I have a function $ f $ defined in $ (- 1,1) $.
For a minimal example, it is sufficient to define

f(z_):=z^2 - 1

I need to find a list of points so that $ f (z_0) = f (z_1) $, points whose image "is at the same height".
I continued to find the minimum through

  min = First@Minimize(f(z), {z})

what happens for $ z $ equal to

argmin = Values@Last@Minimize(f(z), {z})

Also I created a list with

  rang = Subdivide(a, 0,10)

spanning the range from minimum to predefined value.

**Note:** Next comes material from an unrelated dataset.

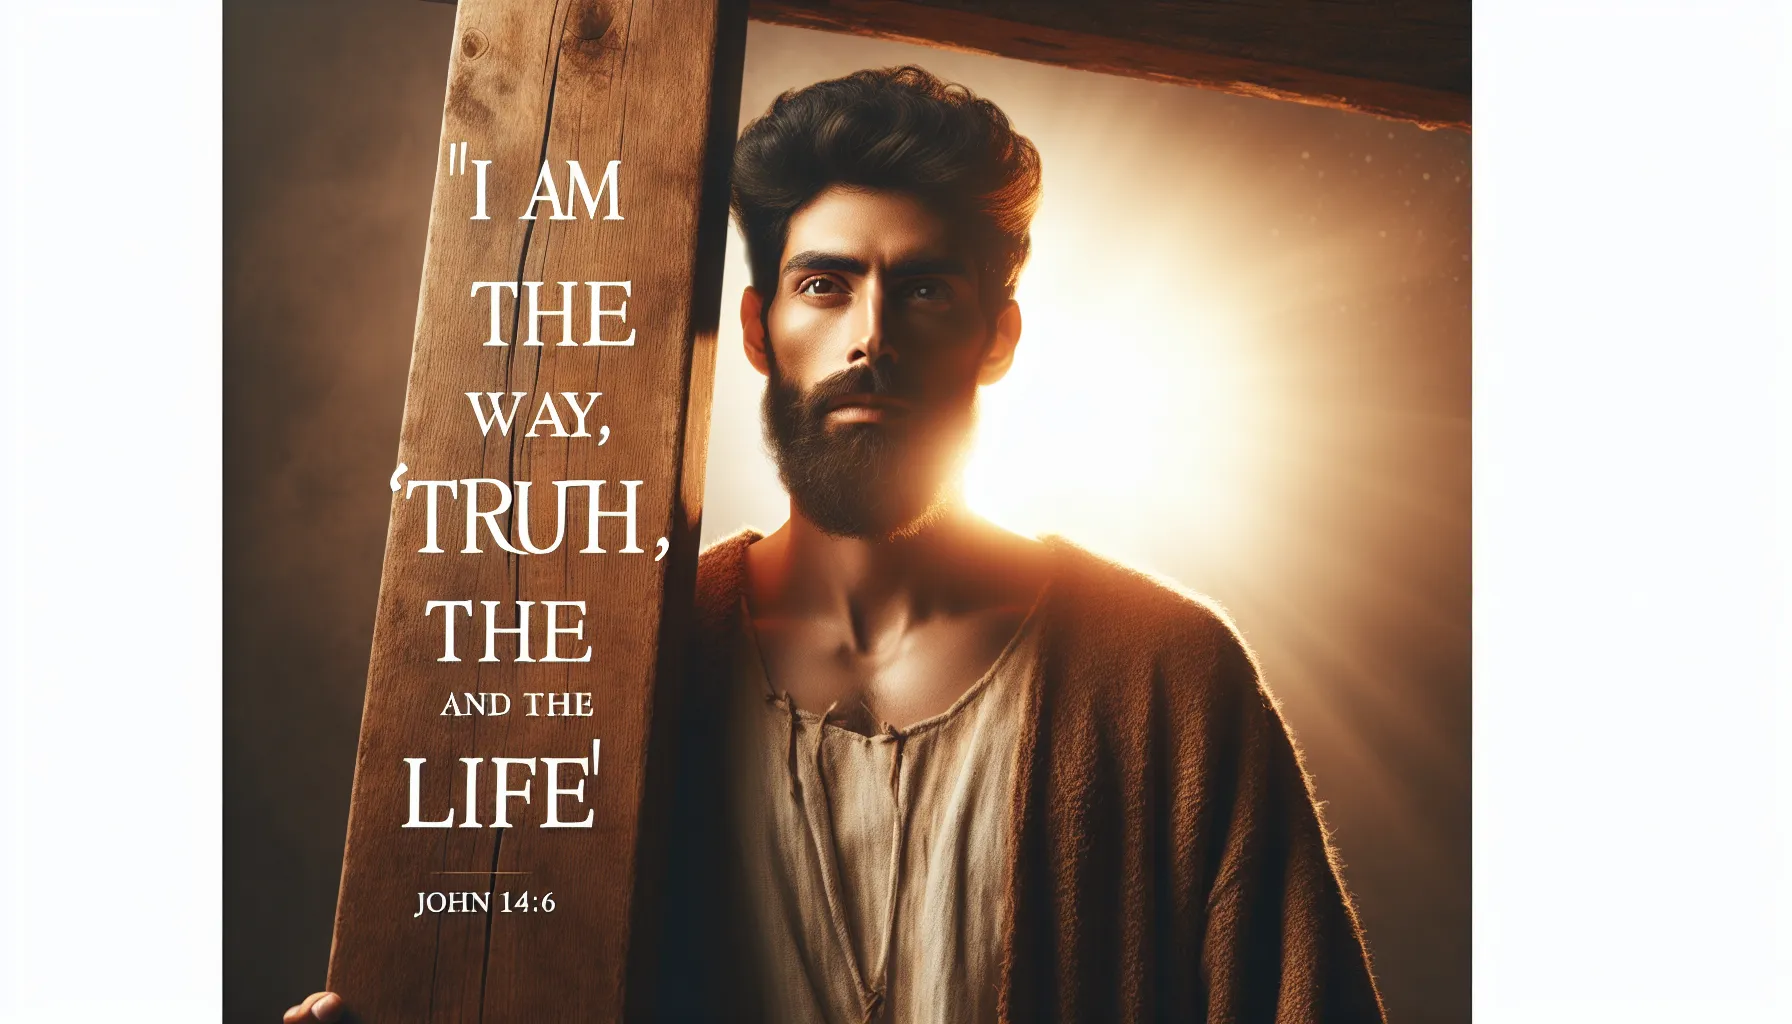 Imagen de Jesucristo con una cruz al fondo y una luz divina iluminando su rostro
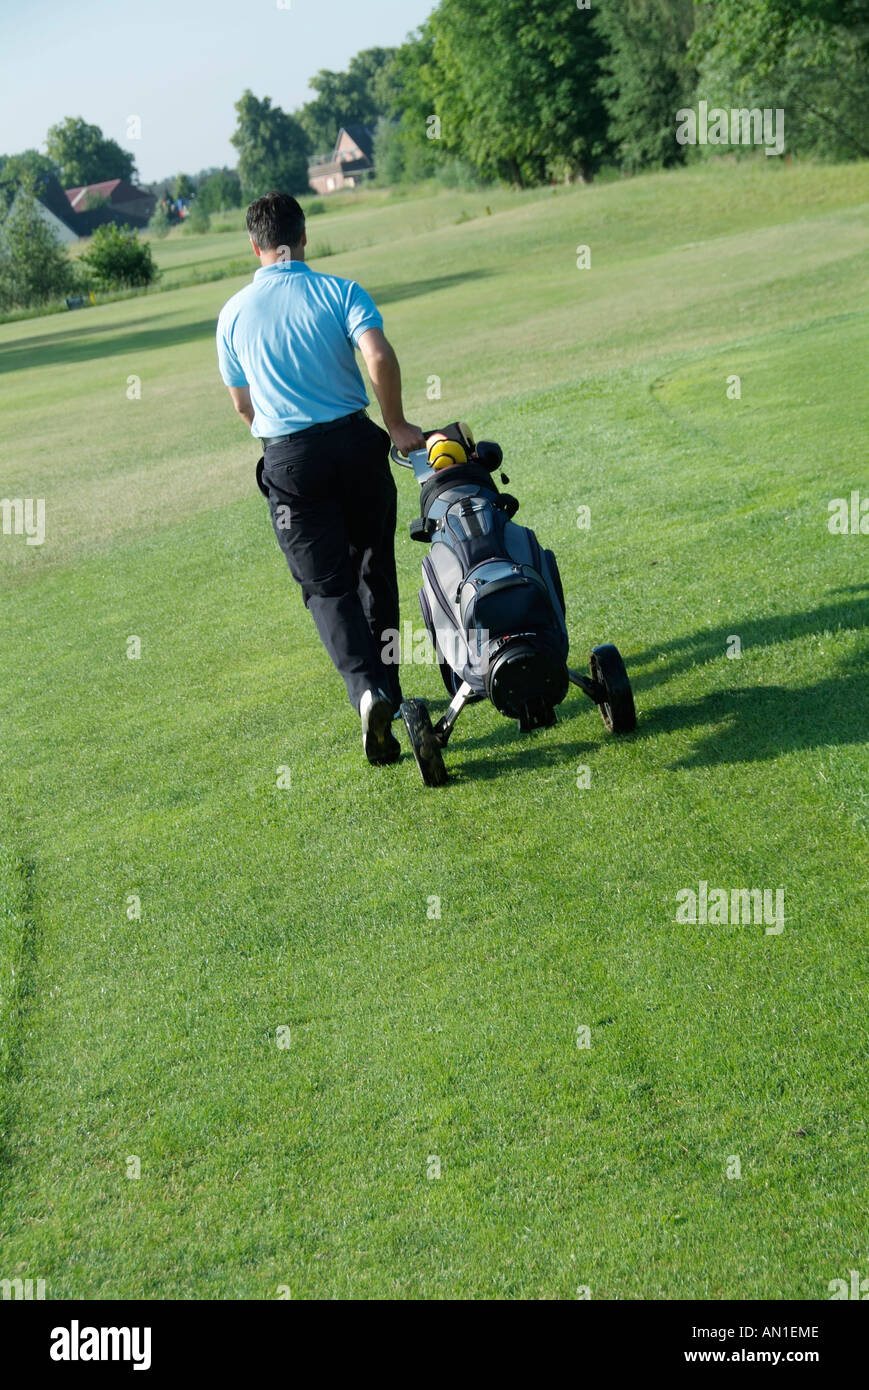 Golf Golf Golf golf, un joueur qui possède son chariot sur fairway Banque D'Images

Now I would like to find, for each item on this list, points such that $ f (z_0) = f (z_1) = rang_j $, for each item in the list.

I couldn't find a better plan than defining a list of features $ fun_j = (f (z) + rang_j) ^ 2 $. By changing the original function and squaring, I am sure that the functions $ fun_j $, one for each item in the list $ rang $ they are positive everywhere except the roots.

So I wanted to iterate over the list of functions a restricted minimization through the commands (the argument $ f_j $ just to clarify my question, I understand that the syntax will be different, that's exactly what the question is about):

   Minimize({f_j, z > argmin}, {z})
   Minimize({f_j, z > argmin}, {z})

that is, run two minimizations one on the left and one on the right of the $ {arg , min} $. I know for mathematical reasons that there are two unique solutions.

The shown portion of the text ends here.